Он услышал. Оглянулся. Наддал вдвое против прежнего маха. Помчался к подножию гребнистого мыса, как к знакомому тыну: добеги – и спасёшься. Чаге даже показалось – сумеет. Она повернулась навстречу преследователю. Опоздала. Страшная тень уже пронеслась, мелькнула беззвучно. Один взмах кайка, семь саженей лёту, снега лыжами не касаясь, лишь волосы гривой из-под ушанки. Миг – и стал чёрточкой в сизой тьме, ушёл догонять другую, далёкую.
Чага закрыла рот. Передвинула со спины наперёд походную люльку. Стала пришёптывать и качать, неотрывно глядя вперёд.
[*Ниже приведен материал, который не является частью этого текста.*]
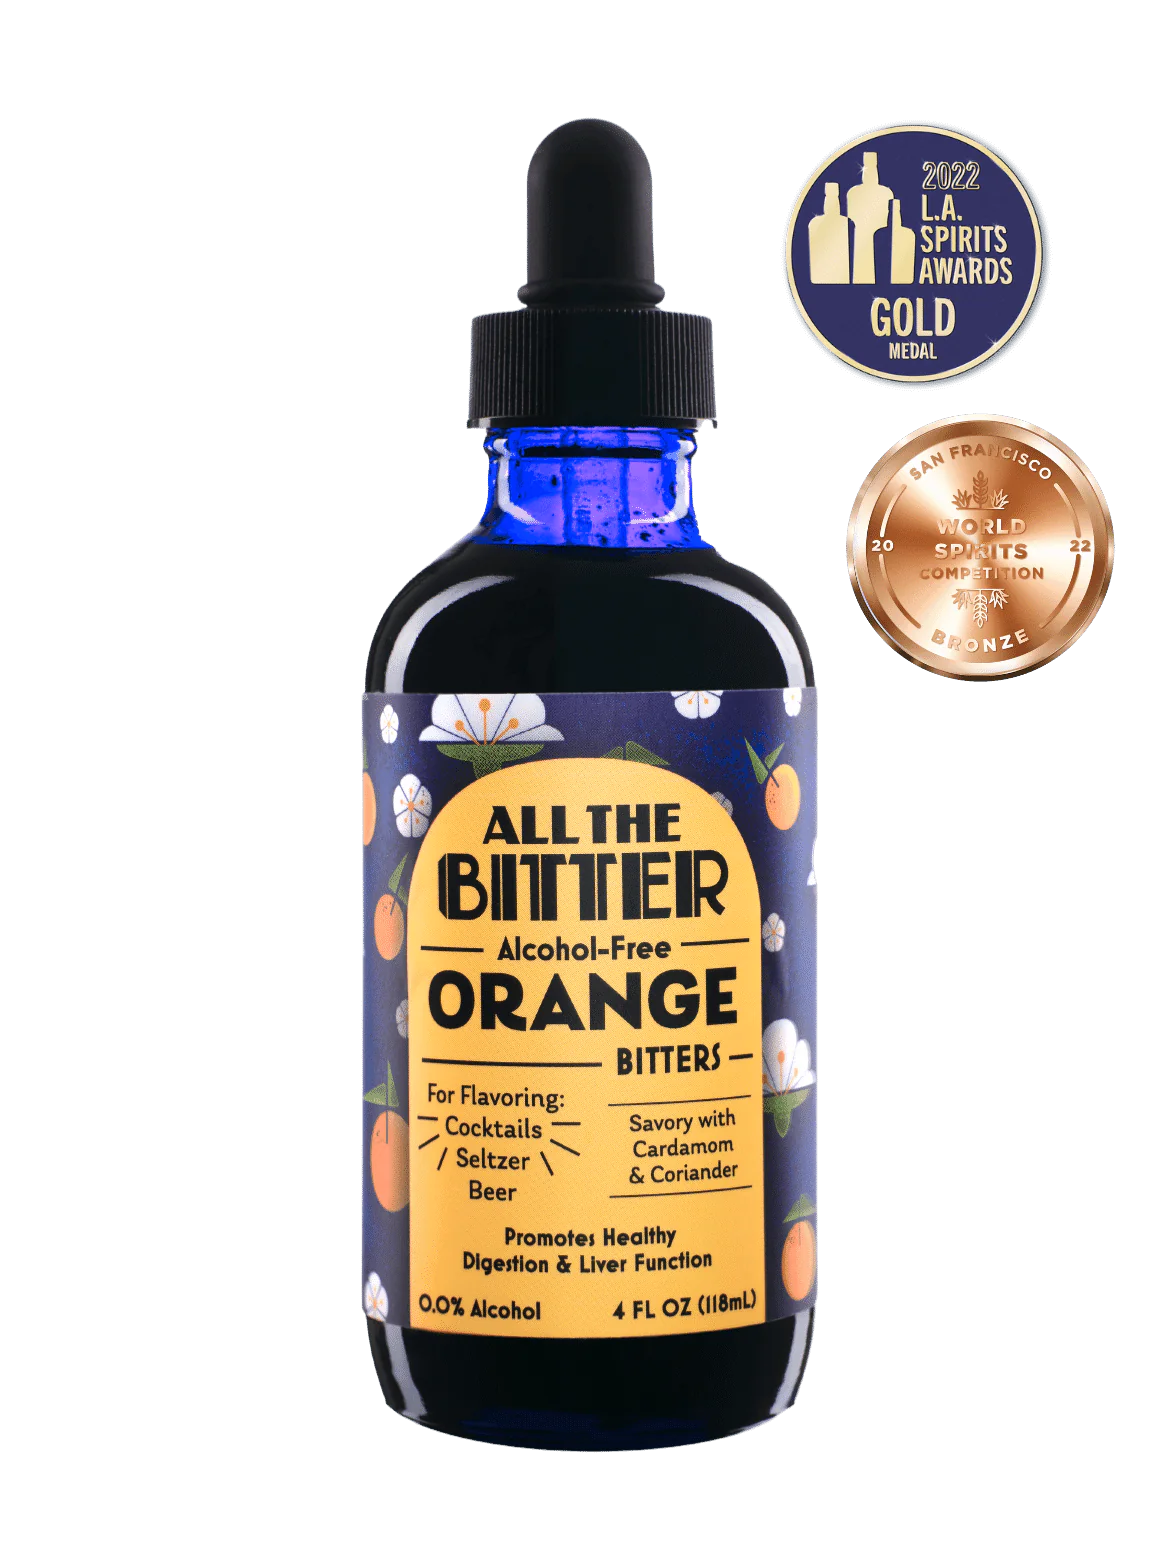 All The Bitter - Orange Bitters (Non-Alcoholic)

Лутошка больше не оборачивался. Время вернулось, описав круг. Молоденький кабальной мчался заледенелым болотом, пытаясь уйти от такого же юного переимщика. Глотал снег, слёзы и боль, мечтал об очередном шажке на свободу. Выпадала же порою удача! С одышливым Лыкашом, с тяжёлым на ногу Хотёном. Случалось, самого Порошу обманывал… Лишь один брал его где хотел, как хотел. Распутывал любой след. Из ниоткуда возникал за спиной, ронял на плечи тяжёлку.
Лутошка узнал преследователя, как только увидел.
Горбатый мыс приближался, вырастал впереди. С его гребня Лутошка однажды смотрел в закатную сторону, прикидывая, не пуститься ли в утёк. Там берег Киян-моря. Упорные поезда на белой дороге. Вольная воля…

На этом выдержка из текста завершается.